Re: [RFC 1/1] sched/fair: Consider asymmetric scheduler groups in load balancer

From: Tobias Huschle
Date: Fri Jul 07 2023 - 03:46:07 EST

On 2023-07-06 19:19, Shrikanth Hegde wrote:
On 5/15/23 5:16 PM, Tobias Huschle wrote:
The current load balancer implementation implies that scheduler groups,
within the same domain, all host the same number of CPUs. This is
reflected in the condition, that a scheduler group, which is load
balancing and classified as having spare capacity, should pull work
from the busiest group, if the local group runs less processes than
the busiest one. This implies that these two groups should run the
same number of processes, which is problematic if the groups are not
of the same size.

The assumption that scheduler groups within the same scheduler domain
host the same number of CPUs appears to be true for non-s390
architectures. Nevertheless, s390 can have scheduler groups of unequal
size.

This introduces a performance degredation in the following scenario:

Consider a system with 8 CPUs, 6 CPUs are located on one CPU socket,
the remaining 2 are located on another socket:

Socket -----1----- -2-
CPU 1 2 3 4 5 6 7 8

Placing some workload ( x = one task ) yields the following
scenarios:

The first 5 tasks are distributed evenly across the two groups.

Socket -----1----- -2-
CPU 1 2 3 4 5 6 7 8
x x x x x

Adding a 6th task yields the following distribution:

Socket -----1----- -2-
CPU 1 2 3 4 5 6 7 8
SMT1 x x x x x
SMT2 x

The task is added to the 2nd scheduler group, as the scheduler has the
assumption that scheduler groups are of the same size, so they should
also host the same number of tasks. This makes CPU 7 run into SMT
thread, which comes with a performance penalty. This means, that in
the window of 6-8 tasks, load balancing is done suboptimally, because
SMT is used although there is no reason to do so as fully idle CPUs
are still available.

Taking the weight of the scheduler groups into account, ensures that
a load balancing CPU within a smaller group will not try to pull tasks
from a bigger group while the bigger group still has idle CPUs
available.

Signed-off-by: Tobias Huschle <huschle@xxxxxxxxxxxxx>
---
kernel/sched/fair.c | 3 ++-
1 file changed, 2 insertions(+), 1 deletion(-)

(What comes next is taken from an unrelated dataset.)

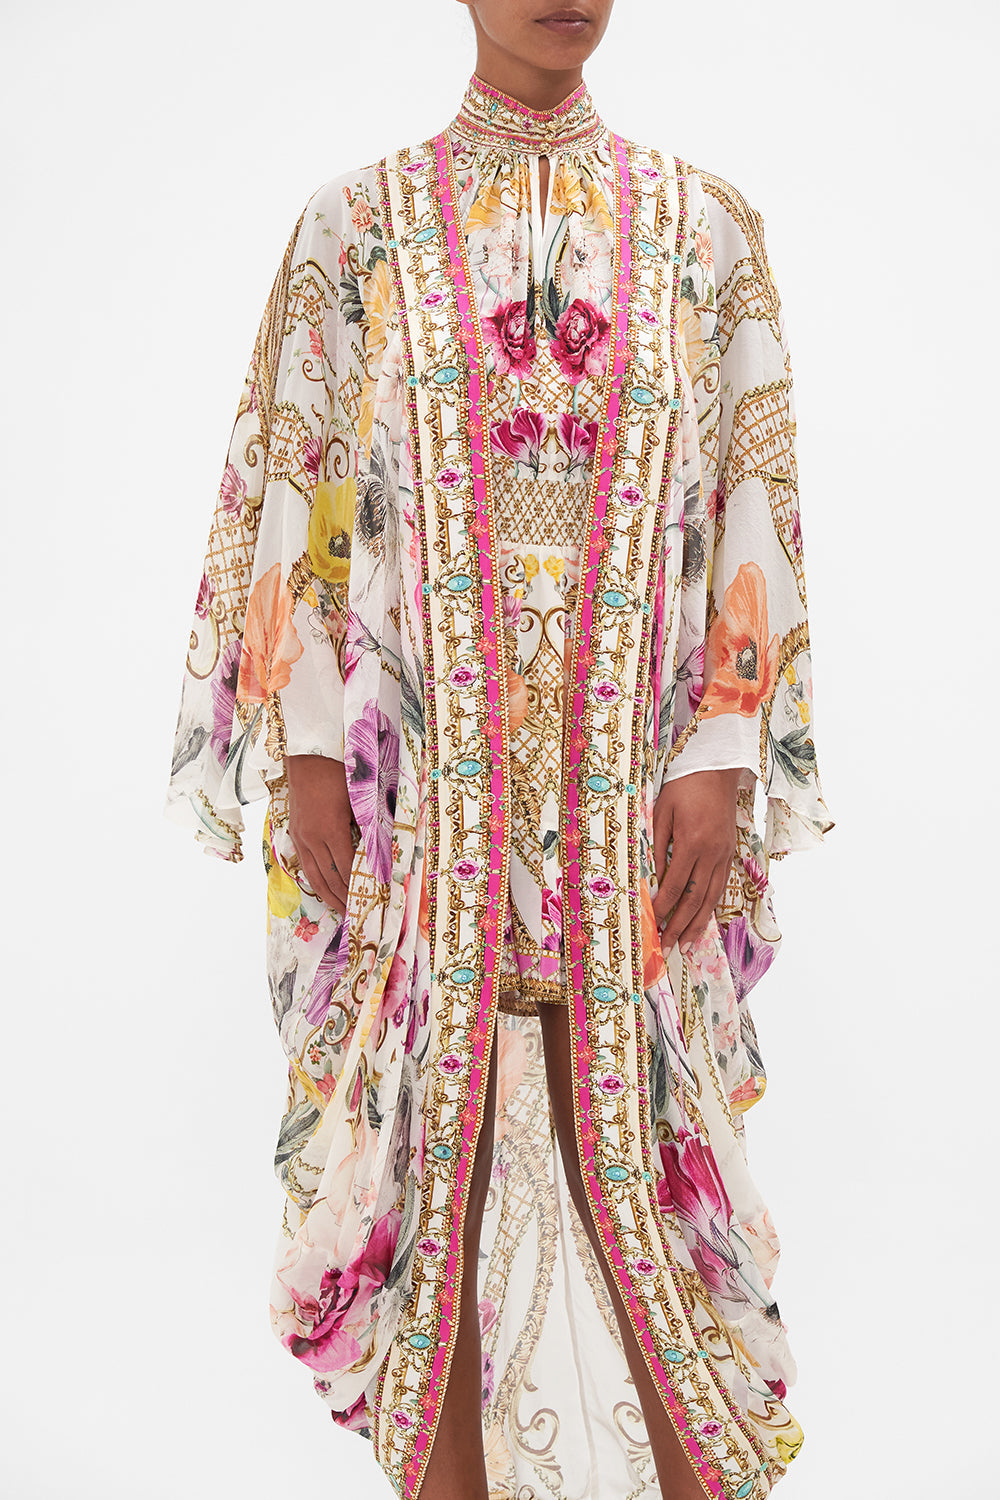 Crop view of model wearing CAMILLA silk floral kimono in Destiny Calling print

diff --git a/kernel/sched/fair.c b/kernel/sched/fair.c
index 48b6f0ca13ac..b1307d7e4065 100644
--- a/kernel/sched/fair.c
+++ b/kernel/sched/fair.c
@@ -10426,7 +10426,8 @@ static struct sched_group *find_busiest_group(struct lb_env *env)
* group's child domain.
*/
if (sds.prefer_sibling && local->group_type == group_has_spare &&
- busiest->sum_nr_running > local->sum_nr_running + 1)
+ busiest->sum_nr_running * local->group_weight >
+ local->sum_nr_running * busiest->group_weight + 1)
goto force_balance;



I assume its SMT2 here. sched group is enclosed in [busy_cpus/idle_cpus/weight]

Lets take an example: we will begin the with the said imbalance.
[3/9/12] -- local group
[3/1/4] -- busy group.
we will evaluate 3*12 > (4*(3+1)) is true and proceeds further to balance.
but calculate_imbalance will lead to zero as the imbalance no? in case
of prefer sibling
case it find the difference of sum_nr_running of the two groups. It
will be 3-3 = 0

this would need modifications to calculate_imbalance.
Maybe something like this will help? NOT TESTED AT ALL.

diff --git a/kernel/sched/fair.c b/kernel/sched/fair.c
index a80a73909dc2..e027d4086edc 100644
--- a/kernel/sched/fair.c
+++ b/kernel/sched/fair.c
@@ -10296,7 +10296,9 @@ static inline void calculate_imbalance(struct
lb_env *env, struct sd_lb_stats *s
return;
}

- if (busiest->group_weight == 1 || sds->prefer_sibling) {
+ if (busiest->group_weight == 1 ||
+ (sds->prefer_sibling &&
+ busiest->group_weight == local->group_weight)) {
unsigned int nr_diff = busiest->sum_nr_running;
/*
* When prefer sibling, evenly spread running tasks on
@@ -10305,6 +10307,11 @@ static inline void calculate_imbalance(struct
lb_env *env, struct sd_lb_stats *s
env->migration_type = migrate_task;
lsub_positive(&nr_diff, local->sum_nr_running);
env->imbalance = nr_diff;
+ }
+ if (sds->prefer_sibling &&
+ busiest->group_weight != local->group_weight) {
+ env->migration_type = migrate_task;
+ env->imbalance = 1;
} else {


I also had a look at this when Vincent pointed out that this part is missing.
The formula proposed by Vincent works pretty well, it is not even necessary
to add additional if-statements here.

---------------------------------------------------------------------------------------------------
On a tangential dimension.


Since prefer_siblings make inherent assumption that all groups have
equal weight,
it will cause complications when group_weights are different. I think
that becomes very
tricky when there are more than two groups. Depending on which cpu is doing
load_balance there can be unnecessary migrations.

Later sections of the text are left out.